1962Peevyhouse v. Garland Coal is a controversial and widely debated case on the measure of contract damages, holding that diminution in value rather than cost of performance is the proper measure when the cost of remedying the defect is grossly disproportionate to the resulting increase in property value. The case raises fundamental questions about whether contract law should protect the promisee's subjective expectations or limit recovery to objective economic loss. It is frequently paired with Jacob & Youngs v. Kent in casebook discussions of damages.
Williams v. Walker-Thomas Furniture Co.
1965Williams v. Walker-Thomas Furniture is the leading case on unconscionability in contract law, establishing a two-part test distinguishing between procedural unconscionability (unfairness in the bargaining process) and substantive unconscionability (unfairness in the contract terms). The case brought the unconscionability doctrine from UCC Section 2-302 into prominence and applied it to protect consumers from oppressive contract terms.

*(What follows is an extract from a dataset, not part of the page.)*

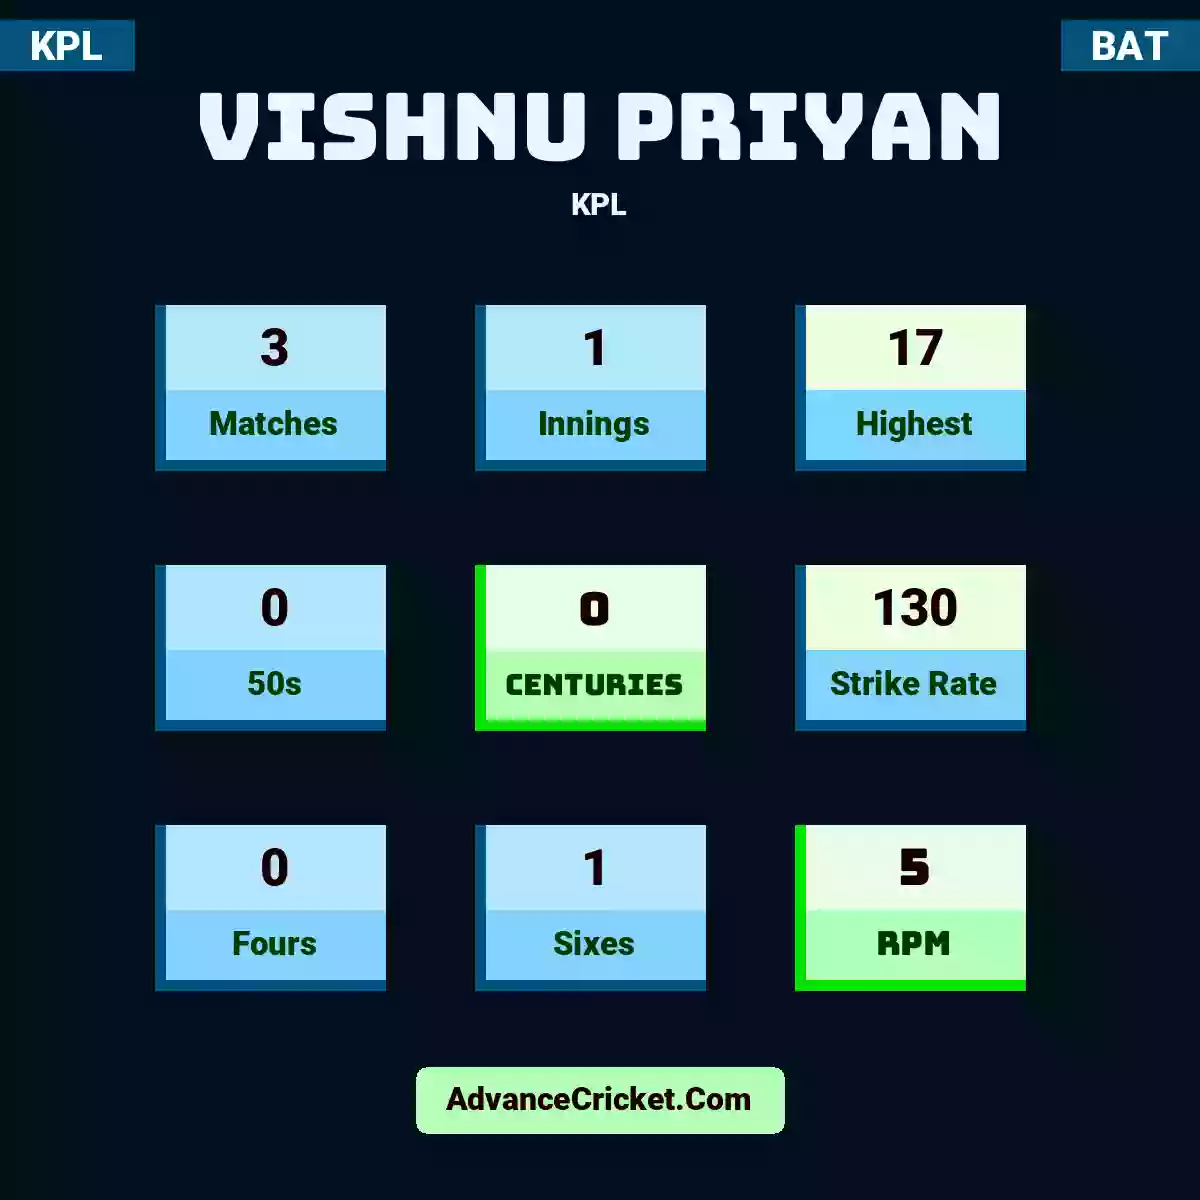 Vishnu Priyan KPL , Vishnu Priyan played 3 matches, scored 17 runs as highest, 0 half-centuries, and 0 centuries, with a strike rate of 130. V.Priyan hit 0 fours and 1 sixes, with an RPM of 5.

It is one of the most important cases on the limits of freedom of contract.
Wood v. Lucy, Lady Duff-Gordon
1917Wood v. Lucy, Lady Duff-Gordon is a landmark case on implied obligations and the duty of good faith in contract law. Justice Cardozo's opinion held that an exclusive dealing agreement imposes an implied obligation of reasonable efforts on the party granted exclusive rights, saving the contract from being struck down as illusory. The case established the foundation for the implied duty of best efforts or reasonable efforts that was later codified in the Uniform Commercial Code.